• [Data for the task]:
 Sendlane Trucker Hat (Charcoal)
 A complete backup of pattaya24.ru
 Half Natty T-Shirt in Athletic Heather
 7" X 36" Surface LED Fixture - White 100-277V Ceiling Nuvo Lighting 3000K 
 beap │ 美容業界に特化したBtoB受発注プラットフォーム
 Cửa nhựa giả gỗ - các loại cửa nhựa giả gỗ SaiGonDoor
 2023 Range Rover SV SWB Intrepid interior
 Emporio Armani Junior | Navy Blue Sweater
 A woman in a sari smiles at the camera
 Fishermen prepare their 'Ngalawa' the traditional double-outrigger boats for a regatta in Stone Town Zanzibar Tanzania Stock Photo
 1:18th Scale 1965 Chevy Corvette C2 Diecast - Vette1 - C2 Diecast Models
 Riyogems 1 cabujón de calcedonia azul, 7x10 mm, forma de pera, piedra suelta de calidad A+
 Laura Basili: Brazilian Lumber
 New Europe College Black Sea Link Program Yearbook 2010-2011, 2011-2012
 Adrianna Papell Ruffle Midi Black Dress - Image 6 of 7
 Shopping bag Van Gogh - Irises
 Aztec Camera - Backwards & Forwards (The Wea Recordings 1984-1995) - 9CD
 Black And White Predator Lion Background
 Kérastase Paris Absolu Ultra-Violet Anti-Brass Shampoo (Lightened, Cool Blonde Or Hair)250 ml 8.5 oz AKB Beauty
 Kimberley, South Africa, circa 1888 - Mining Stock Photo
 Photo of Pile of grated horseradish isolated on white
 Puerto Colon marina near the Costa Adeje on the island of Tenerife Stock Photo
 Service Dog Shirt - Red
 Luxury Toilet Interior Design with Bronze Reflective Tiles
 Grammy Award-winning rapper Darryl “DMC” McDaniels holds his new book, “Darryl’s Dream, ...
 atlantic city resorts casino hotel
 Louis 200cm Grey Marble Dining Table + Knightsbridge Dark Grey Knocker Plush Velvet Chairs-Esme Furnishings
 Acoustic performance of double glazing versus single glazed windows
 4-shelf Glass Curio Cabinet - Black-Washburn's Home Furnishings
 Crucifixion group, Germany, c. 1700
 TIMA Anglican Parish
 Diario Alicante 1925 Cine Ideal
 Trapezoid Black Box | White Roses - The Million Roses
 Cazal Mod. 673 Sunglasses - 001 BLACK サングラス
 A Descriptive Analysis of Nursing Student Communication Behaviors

• [What is expected]: Please print the material above exactly as it appears, from its first line through the line containing "Louis 200cm Grey", inclusive, and stop there.

• [Answer section]:
 Sendlane Trucker Hat (Charcoal)
 A complete backup of pattaya24.ru
 Half Natty T-Shirt in Athletic Heather
 7" X 36" Surface LED Fixture - White 100-277V Ceiling Nuvo Lighting 3000K 
 beap │ 美容業界に特化したBtoB受発注プラットフォーム
 Cửa nhựa giả gỗ - các loại cửa nhựa giả gỗ SaiGonDoor
 2023 Range Rover SV SWB Intrepid interior
 Emporio Armani Junior | Navy Blue Sweater
 A woman in a sari smiles at the camera
 Fishermen prepare their 'Ngalawa' the traditional double-outrigger boats for a regatta in Stone Town Zanzibar Tanzania Stock Photo
 1:18th Scale 1965 Chevy Corvette C2 Diecast - Vette1 - C2 Diecast Models
 Riyogems 1 cabujón de calcedonia azul, 7x10 mm, forma de pera, piedra suelta de calidad A+
 Laura Basili: Brazilian Lumber
 New Europe College Black Sea Link Program Yearbook 2010-2011, 2011-2012
 Adrianna Papell Ruffle Midi Black Dress - Image 6 of 7
 Shopping bag Van Gogh - Irises
 Aztec Camera - Backwards & Forwards (The Wea Recordings 1984-1995) - 9CD
 Black And White Predator Lion Background
 Kérastase Paris Absolu Ultra-Violet Anti-Brass Shampoo (Lightened, Cool Blonde Or Hair)250 ml 8.5 oz AKB Beauty
 Kimberley, South Africa, circa 1888 - Mining Stock Photo
 Photo of Pile of grated horseradish isolated on white
 Puerto Colon marina near the Costa Adeje on the island of Tenerife Stock Photo
 Service Dog Shirt - Red
 Luxury Toilet Interior Design with Bronze Reflective Tiles
 Grammy Award-winning rapper Darryl “DMC” McDaniels holds his new book, “Darryl’s Dream, ...
 atlantic city resorts casino hotel
 Louis 200cm Grey Marble Dining Table + Knightsbridge Dark Grey Knocker Plush Velvet Chairs-Esme Furnishings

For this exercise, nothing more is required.